Hi, thank you for your interest in our work!

Is the Blinn-Phong model more suitable for representing the shadow than the other models?

In this aspect, they are essentially the same. Both the Blinn-Phong model and other models, like the rendering function, require occlusion information (for example, the occlusion term in GS-IR) for training. This occlusion term is trained alongside the parameters of the lighting model. We chose the Blinn-Phong model for its simplicity and explicitness, which enhances its generalization ability, especially in out-of-distribution (OOD) scenarios.

In algorithm 1, you mentioned about the shadow coefficient phi. What is this coefficient called in other equations, since I cannot find phi in the rest of the paper.

Sorry for the confusion. The shadow coefficient $\phi$ is a factor applied to the light intensity $T_i^\text{light}$.

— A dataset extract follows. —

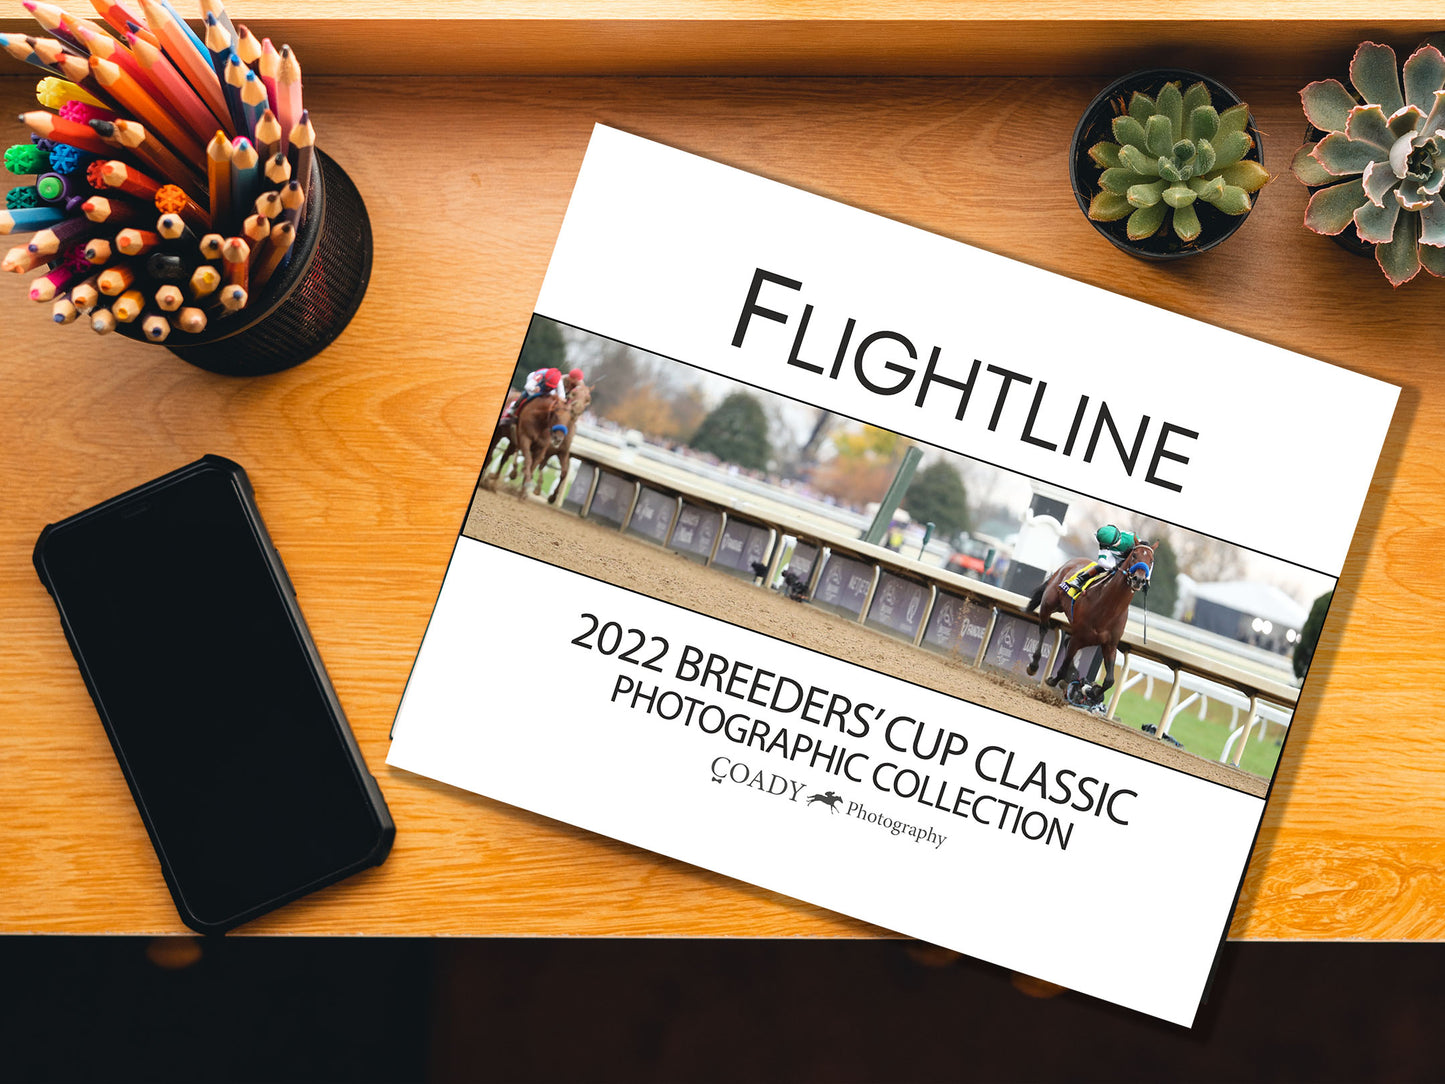 Flightline - 2022 Breeders' Cup Classic - Photographic Collection
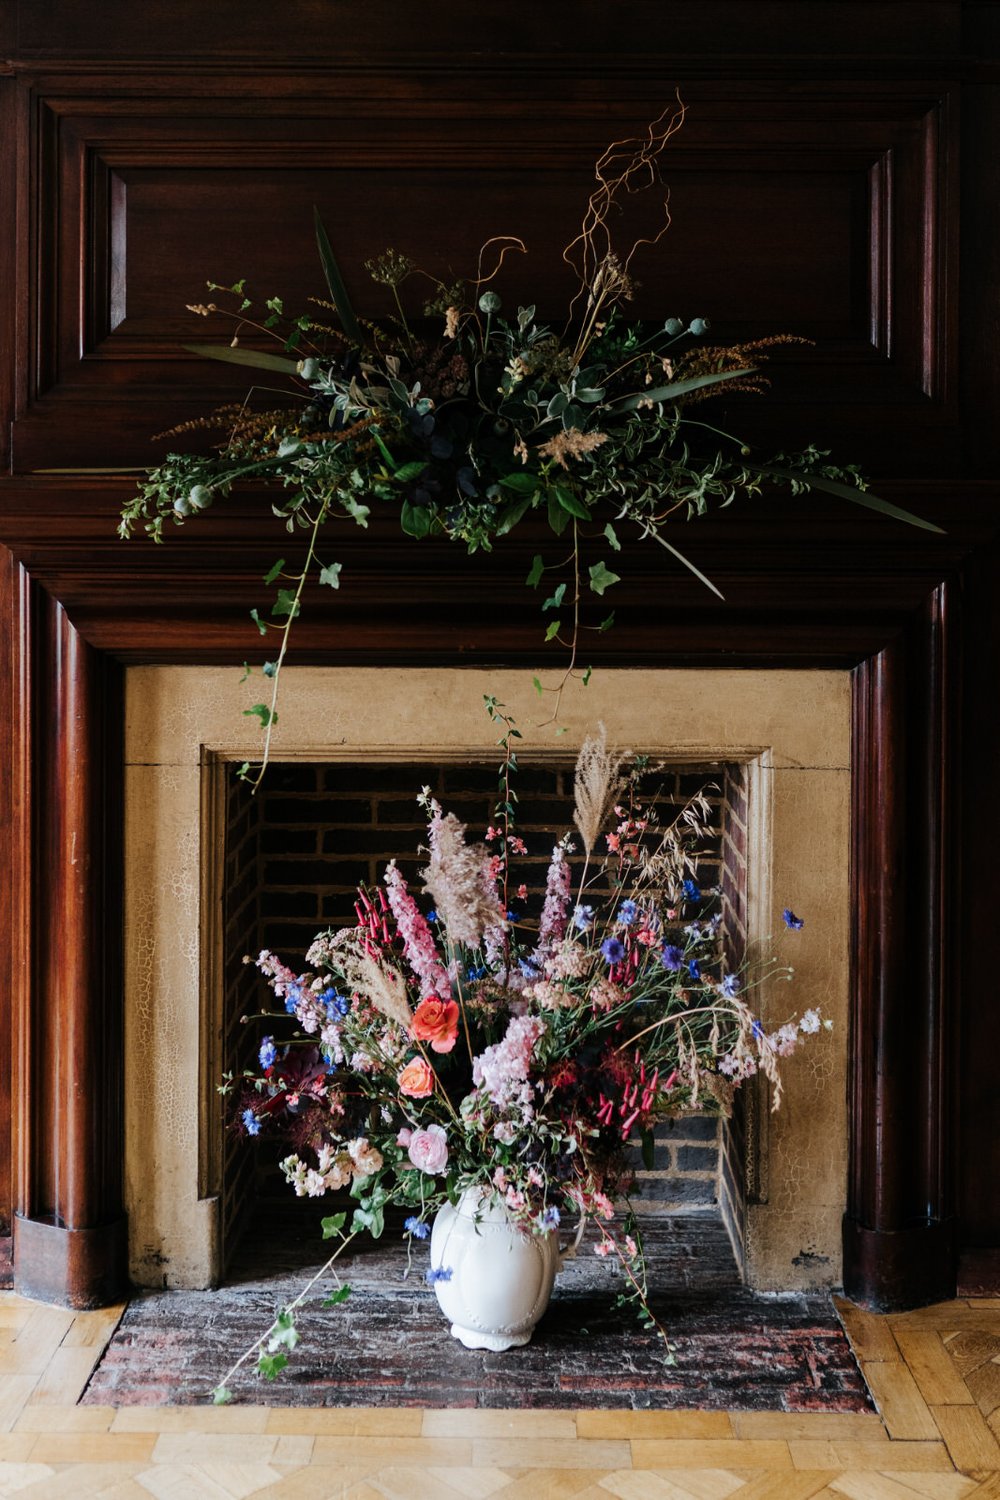 Photograph of lush, colourful and rustic wedding flowers by Wild Rosamund

Similar to the idea of camera-to-point accumulated transmittance in 3DGS, our light intensity defines the accumulated transmittance of light intensity along the light-to-point ray, thus is influenced by the magnitude of the opacities. To facilitate learning and convergence, we added a coefficient $\phi$ to this term, referred to as the shadow coefficient. Thus the shadow computing equation (Eq.4) should be updated as:

$$ L_p = k_aI_a + \phi Ti^\text{light} \times \sum\limits{m \in \text{lights}} (k_dI_d + k_sI_s). $$

Let me know if you have other questions.

KhanhNgoDuy commented 1 month ago

Thank you for your response. If this is the case, then the shadow coefficient will be a global term, instead of being an attribute of the Gaussian right?